General characteristics
- Displacement: 91 lt
- Length: 87 ft (27 m)
- Beam: 19 ft 5 in (5.92 m)
- Draft: 5 ft 7 in (1.70 m)
- Propulsion: 2 x MTU diesels
- Speed: 25 kn (46 km/h; 29 mph)
- Range: 900 nmi (1,700 km)
- Endurance: 5 days
- Complement: 10
- Armament: 2 × .50 caliber M2 Browning machine guns

= USCGC Tern =

USCGC Tern (WPB-87343) is an 87 ft long Marine Protector-class coastal patrol boat of the United States Coast Guard stationed on Yerba Buena Island in San Francisco, California. Built by Bollinger Shipyards in Lockport, Louisiana and commissioned in 2002, Tern is a multi-mission platform capable of performing search and rescue (SAR), law enforcement (LE), and fisheries patrols, as well as drug interdiction and illegal alien interdiction duties up to 200 miles off shore spanning from Mendocino County, California south to the Mexico–United States border.

Designed in accordance with the American Bureau of Shipping's "Guide of Building and Classing High Speed Crafts" to replace the 82-foot (25 m) Point-class cutter, Tern features a stern launching ramp allowing for underway launch and recovery of the cutter's 7 meter (RHIB) and is capable of towing vessels weighing up to 200 tons.

==History==

On November 7, 2005, Tern hosted and provided transit for Prince Charles and the Duchess of Cornwall from Jack London Square to the San Francisco ferry terminal.

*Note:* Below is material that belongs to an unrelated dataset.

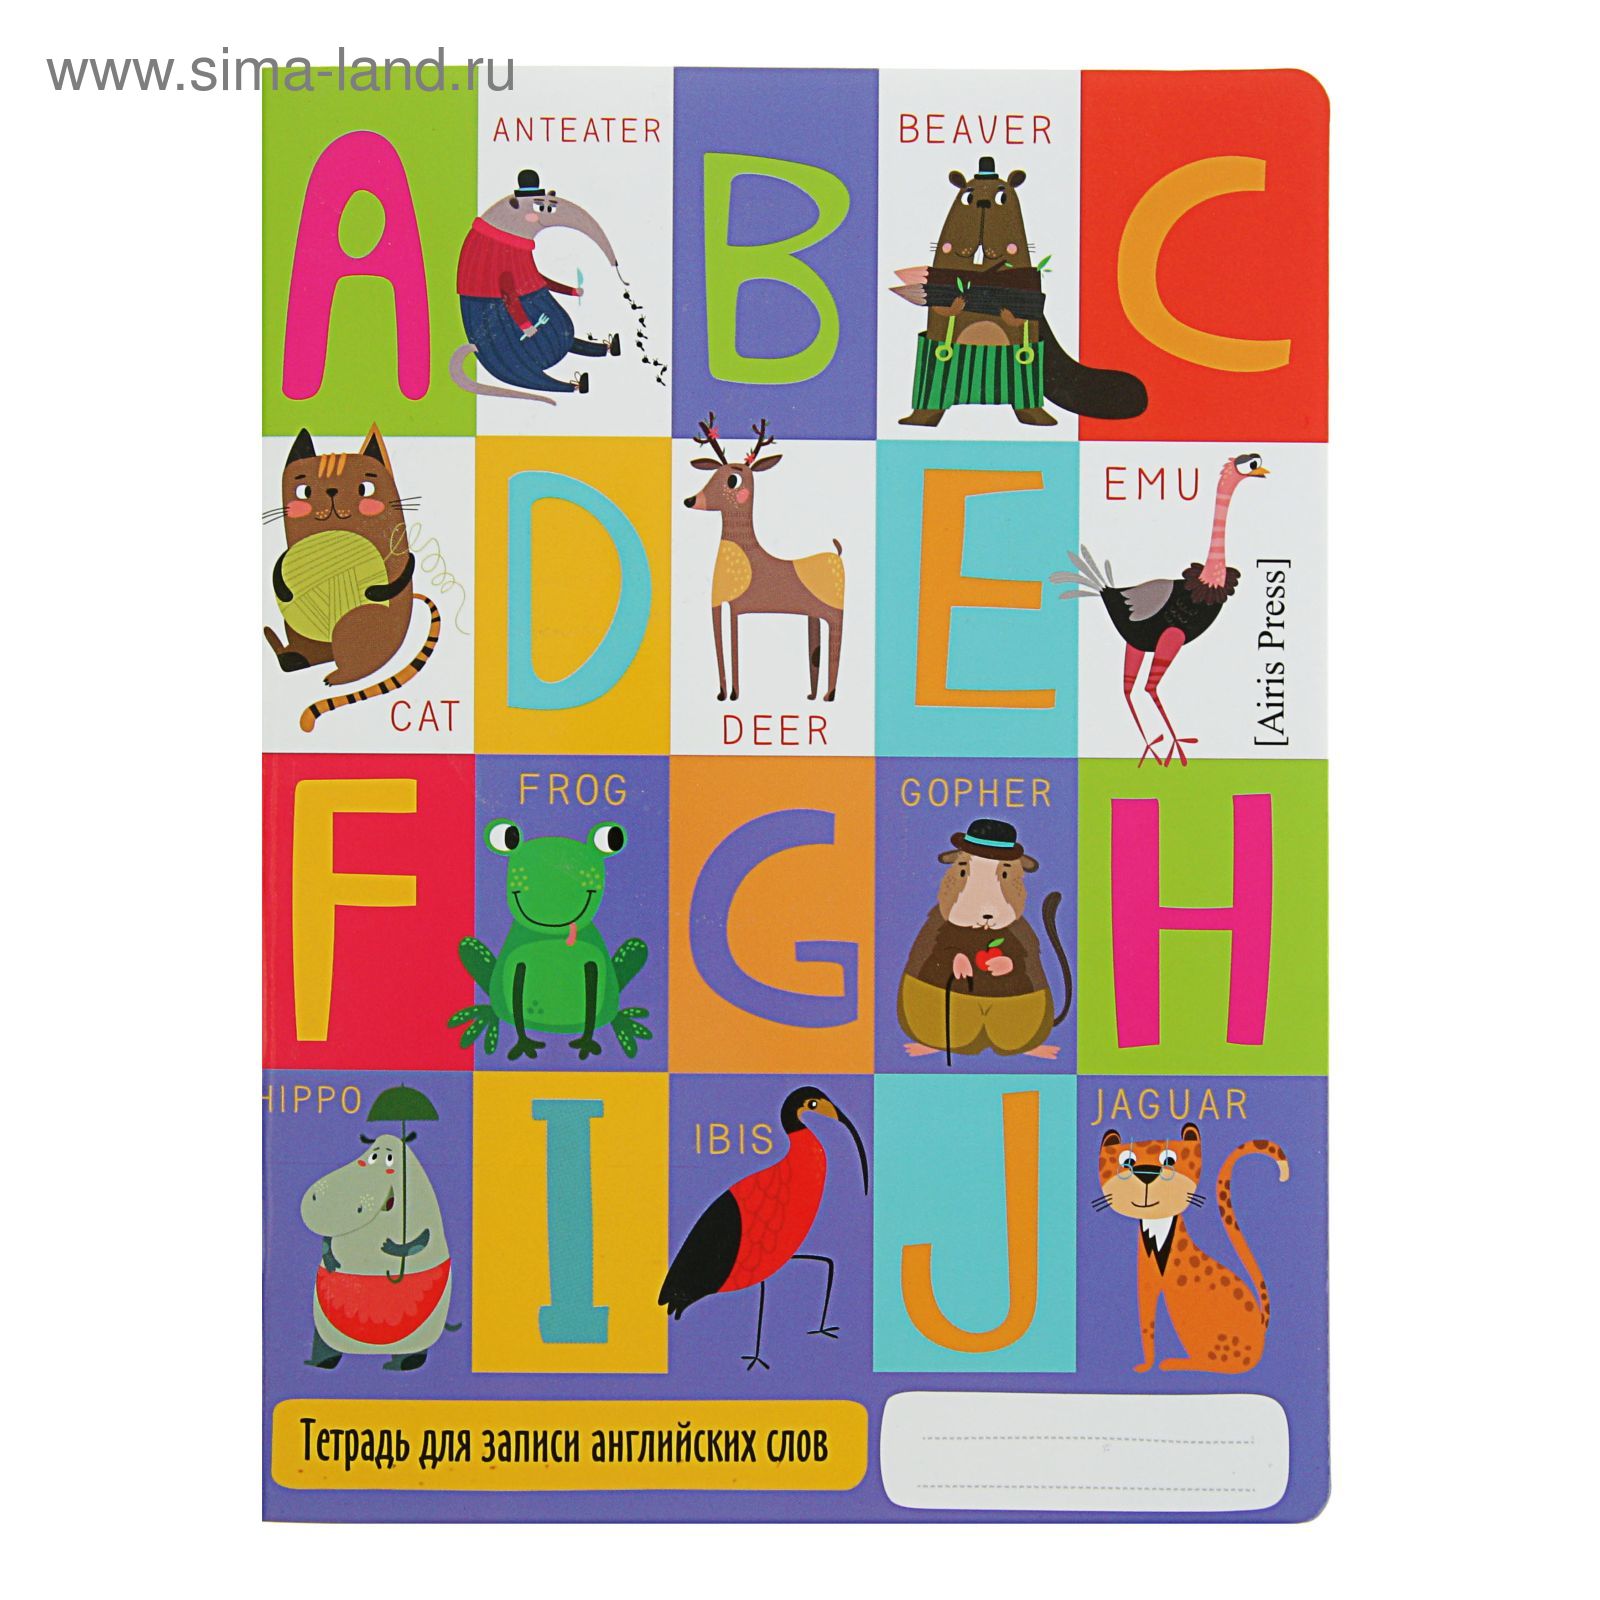 Тетрадь для записи английских слов в начальной школе "Веселые буквы" арт.25980

Members of the U.S. Coast Guard Maritime Safety and Security Team 91105 descend from a U.S. Air Force HH-60G Pave Hawk from the 129th Rescue Wing, California Air National Guard, Moffett Federal Airfield, California, onto Tern in the San Francisco Bay Jan. 28, 2009. Crewmembers conducted vertical insertion training, which is a fast-paced technique used to effectively deploy law enforcement teams to a high-risk situation. On January 29, 2009, Tern, Coast Guard Air Station San Francisco, and the 129th Rescue Wing, California Air National Guard rescued a pilot who crashed his plane near Pillar Point Harbor. The rescue ironically occurred the day after Coast Guardsmen and Air National Guardsmen conducted training in the San Francisco Bay.

On July 20, 2011, Tern rescued a 31-foot commercial fishing vessel taking on water off the coast of San Francisco in concert with a pilot boat, helicopter, and lifeboat. The boat, FVTwo Sons, was being flooded with about 100 gallons of water per hour and the boaters were only able to discharge 20 gallons per hour using onboard de-watering equipment. Two Tern crewmembers went aboard to assist and were able to completely dewater the vessel. Two Sons was escorted to Pier 45 (San Francisco) and no injuries were reported.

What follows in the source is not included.